The first approach is to dim the light bulb by limiting the current within the dimmer. The disadvantage with this approach is, that the LED must be compatible with the dimmer. You cannot reliably say if a dimmer model is compatible with a light bulb model unless somebody has tested it.
The second approach is that the light bulb dims itself based on digital commands received by wire or wirelessly. Here the LED must also be compatible with the dimmer. However, if both implement the same transmission standard, then they must be compatible. Sending commands directly to the light bulb is not new. Colorful LEDs as RGBW LEDs, have been controlled by wireless signals for quite some time. Rather new, however, is to control colorful LEDs and white LEDs by sending digital commands through the electric circuit. An implementation of this is the industry-open standard called LEDOTRON. LEDOTRON was created by the light manufacturers Osram and Radium, together with manufacturers of electrical installation technology. Philips is not part of the group. With LEDOTRON, the dimmer is called a control unit. As the name suggests, it can do more than control the brightness. It can also adjust the color temperature and the color, if the light bulb supports it. You cannot control lights in the whole house, but only within the electric circuit of the control unit and the light bulbs. See LEDOTRON Website.
Which Technology should you Choose?
You can dim LED lights with both technologies. With LEDOTRON you have the advantage that you must not depend on compatibility tests. However LEDOTRON has the disadvantage that it is three times more expensive. Kits with control unit and light bulb currently cost about 100 EUR. See Amazon.de or Amazon.co.uk. Further you cannot control the light centrally from a home-automation software or from an app because the signal is only transferred in the electric circuit of the light bulb.
With the intertechno ITDM-250 dimmer for LED lights, you only pay about 35 EUR. Further, you can control the light with an 433 MHz transmitter. A disadvantage may be that you cannot use a round knob to control the dimmer (explained below). Another disadvantage might be that you cannot set the light to a specific brightness value. Rather you can only say, "I want it darker" and then, "stop that is dark enough" (explained below).
For the remaining of the article, I will focus on the intertechno ITDM-250 dimmer.
What Parts do you Need?
You will need a dimmer, a dimmable LED light and optionally a switch.
If you need a new dimmer, then I would recommend the intertechno ITDM-250 dimmer in the following picture.

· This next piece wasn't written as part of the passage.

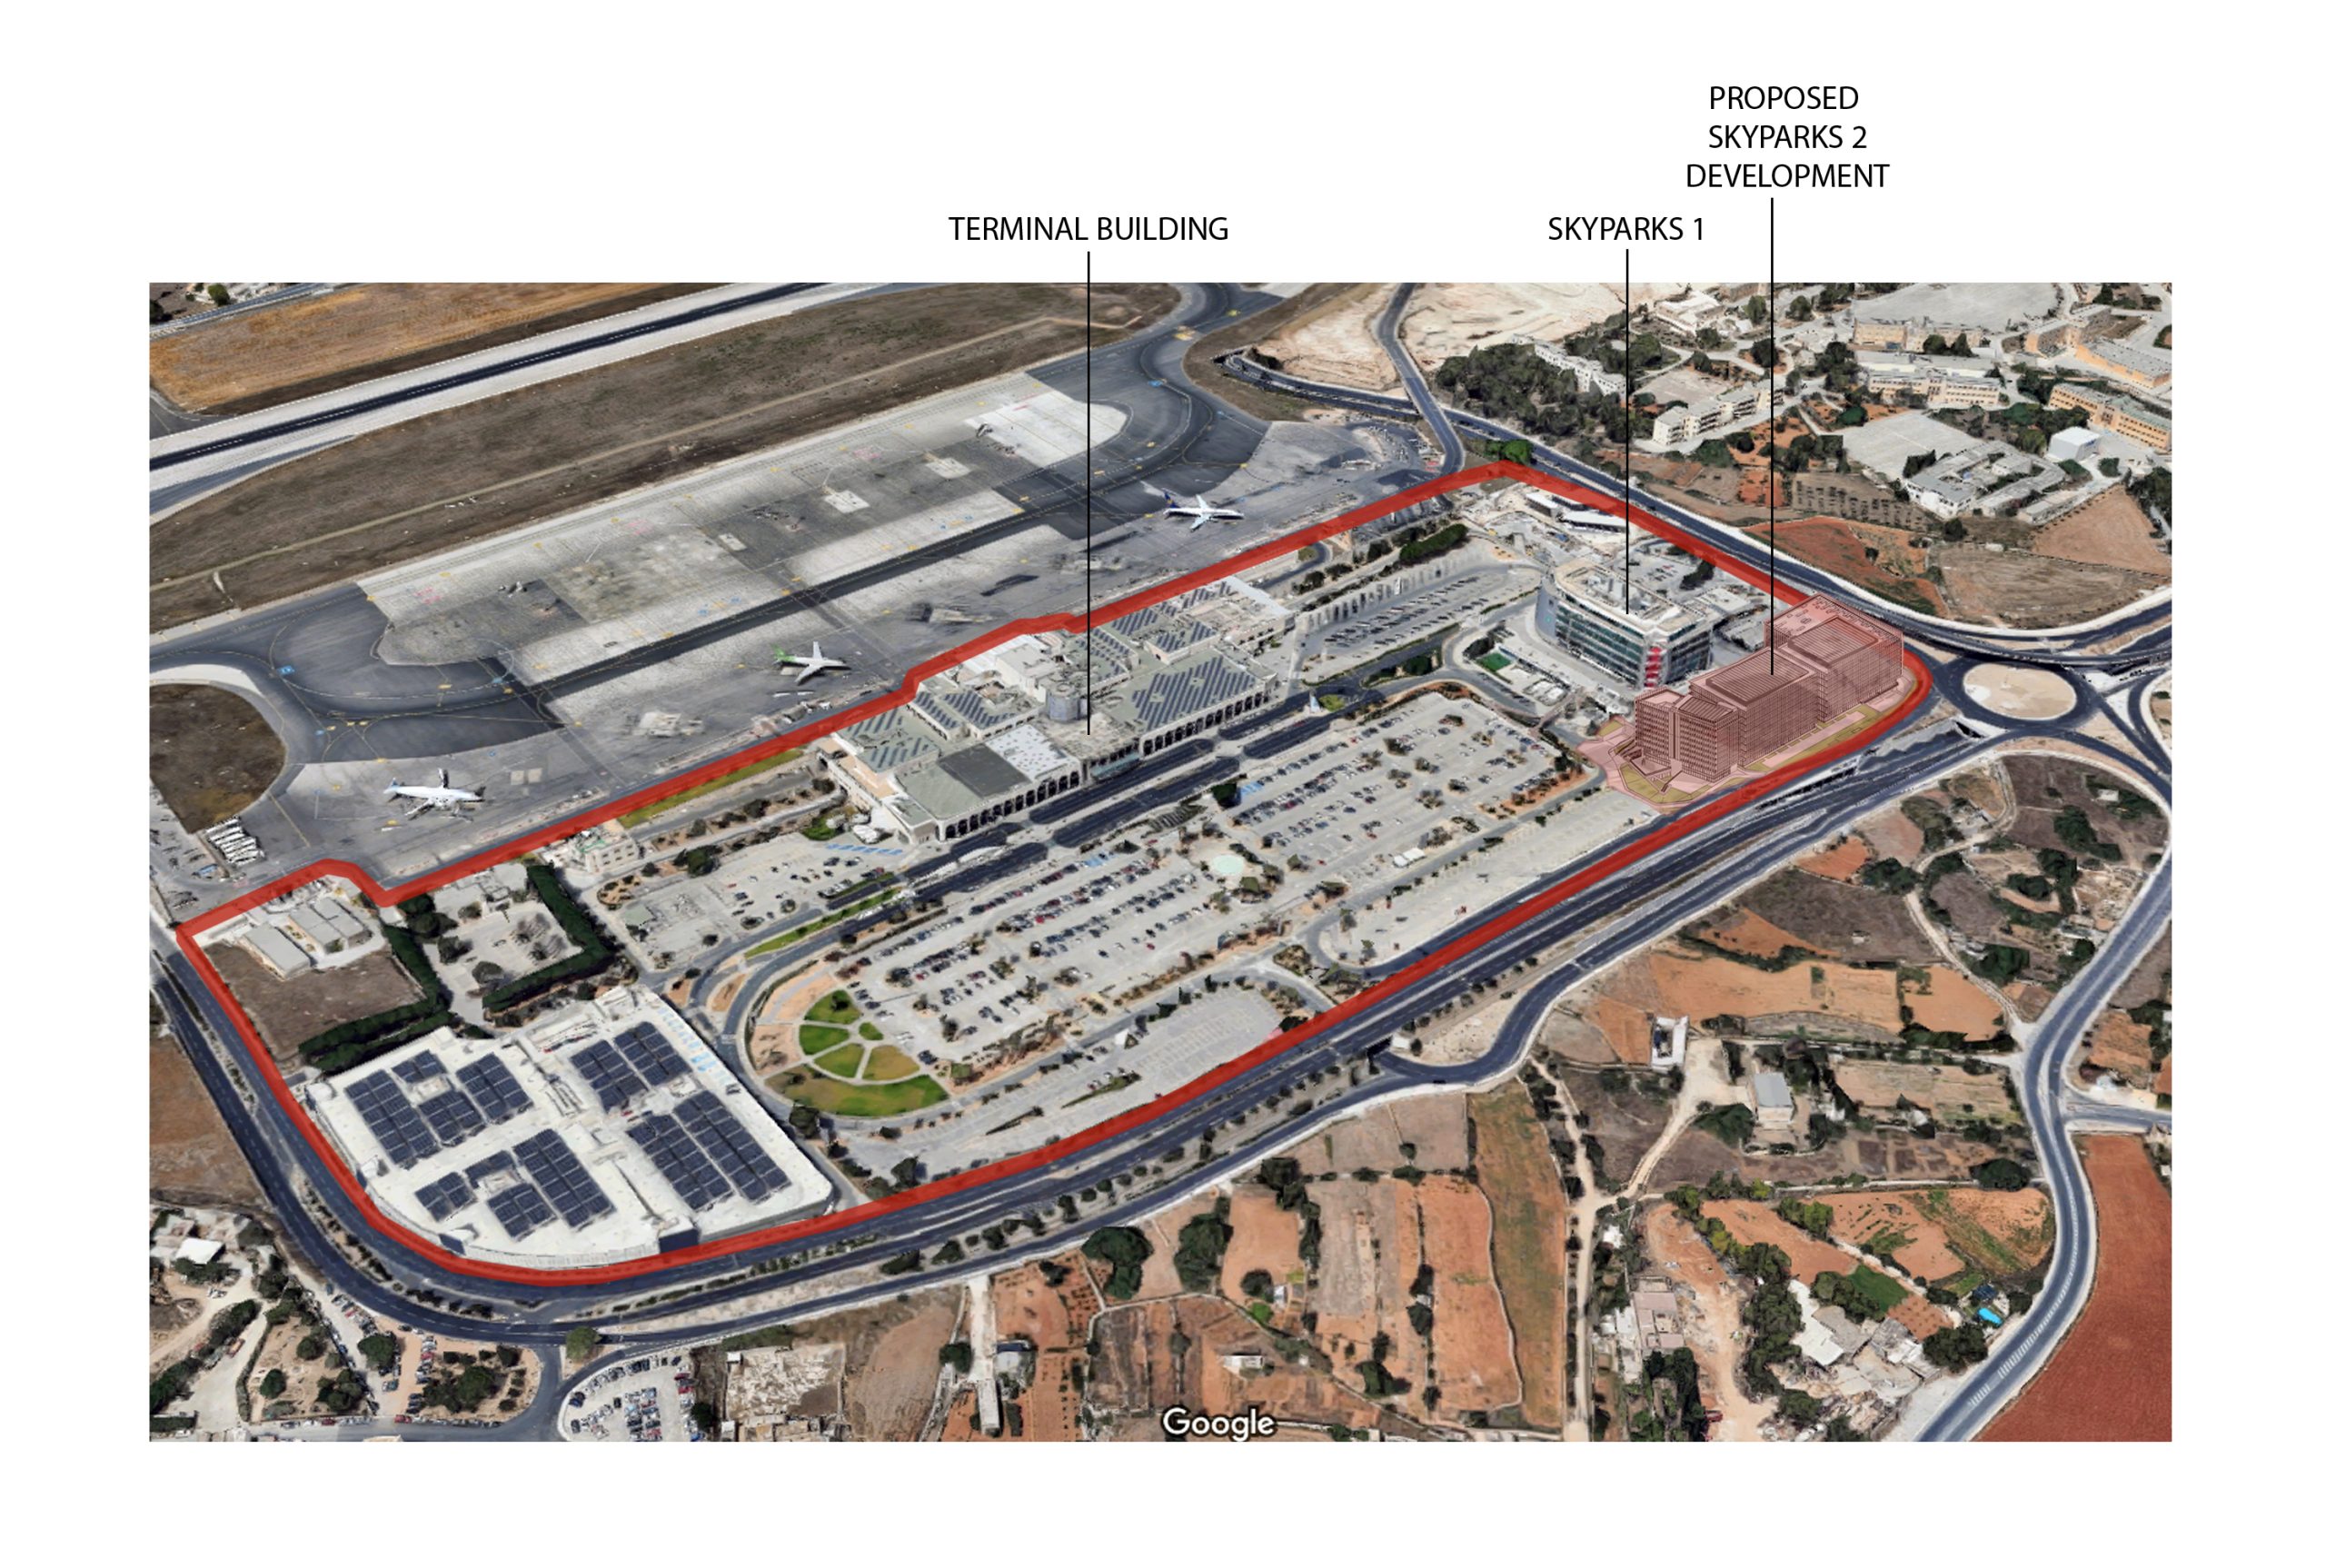 Malta international airport masterplan area

Intertechno also has another dimmer for LED lights, the ITL-250. I do not recommend the ITL-250, because, with that one, the Osram dimmable LED was flickering.
As it says on the front, the dimmer is made for 220-240 Volts dimmable LED/ESL with 3-24 Watts. Its size is 45 mm x 41 mm x 13 mm. The dimmer can be controlled with an existing switch or with intertechno teaching switches and remote control transmitters. It does not need batteries.
The dimmer costs about 35 EUR on Amazon.de (see here). Many other LED dimmers are in the 50-100 EUR range.
I tried the dimmer with two different dimmable 10 W LEDs. One made a slight humming noise when dimmed and the other made almost no noise. From 1 m distance I cannot hear any noise. The silent one was an OSRAM LED SUPERSTAR 10-W with EAN 4052899911222. It has 806 Lumen, 2700 Kelvin (warm white) and 80 Ra (CRI) Color rendering index. It is about 14 EUR on Amazon.de (see here). If you need more lumen, then you might take a look at a similar Osram LED with 1055 lumen. It has the EAN 4052899153738.
To switch the dimmer, you can use your existing wall socket, or you can use an 433 MHz intertechno sender. The ITW-852 wireless wall transmitter, shown in the right side of the picture, can control one or two receivers. It looks like a rocker style wall-mount switch but it works more like the buttons on a computer mouse. You click and release in the upper half for on and you click and release in the lower half for off. It costs about 27 EUR on Amazon.de (see here). The ITLS-16, shown in the left side of the picture, can control four receivers. Both are battery powered.
Connecting and Programming the Intertechno ITDM-250 Dimmer
The dimmer can be installed at surface or concealed. It can be connected to an existing wall switch or the existing wall switch can be replaced with a wireless one. If you choose a wireless wall switch, then the dimmer could also be installed at the bulb socket. The two white wires would not be used in that case.
I will not give details about how to connect the dimmer. Be advised that mains electricity is dangerous and kills people. Only licensed electrical contractors should perform electrical installations.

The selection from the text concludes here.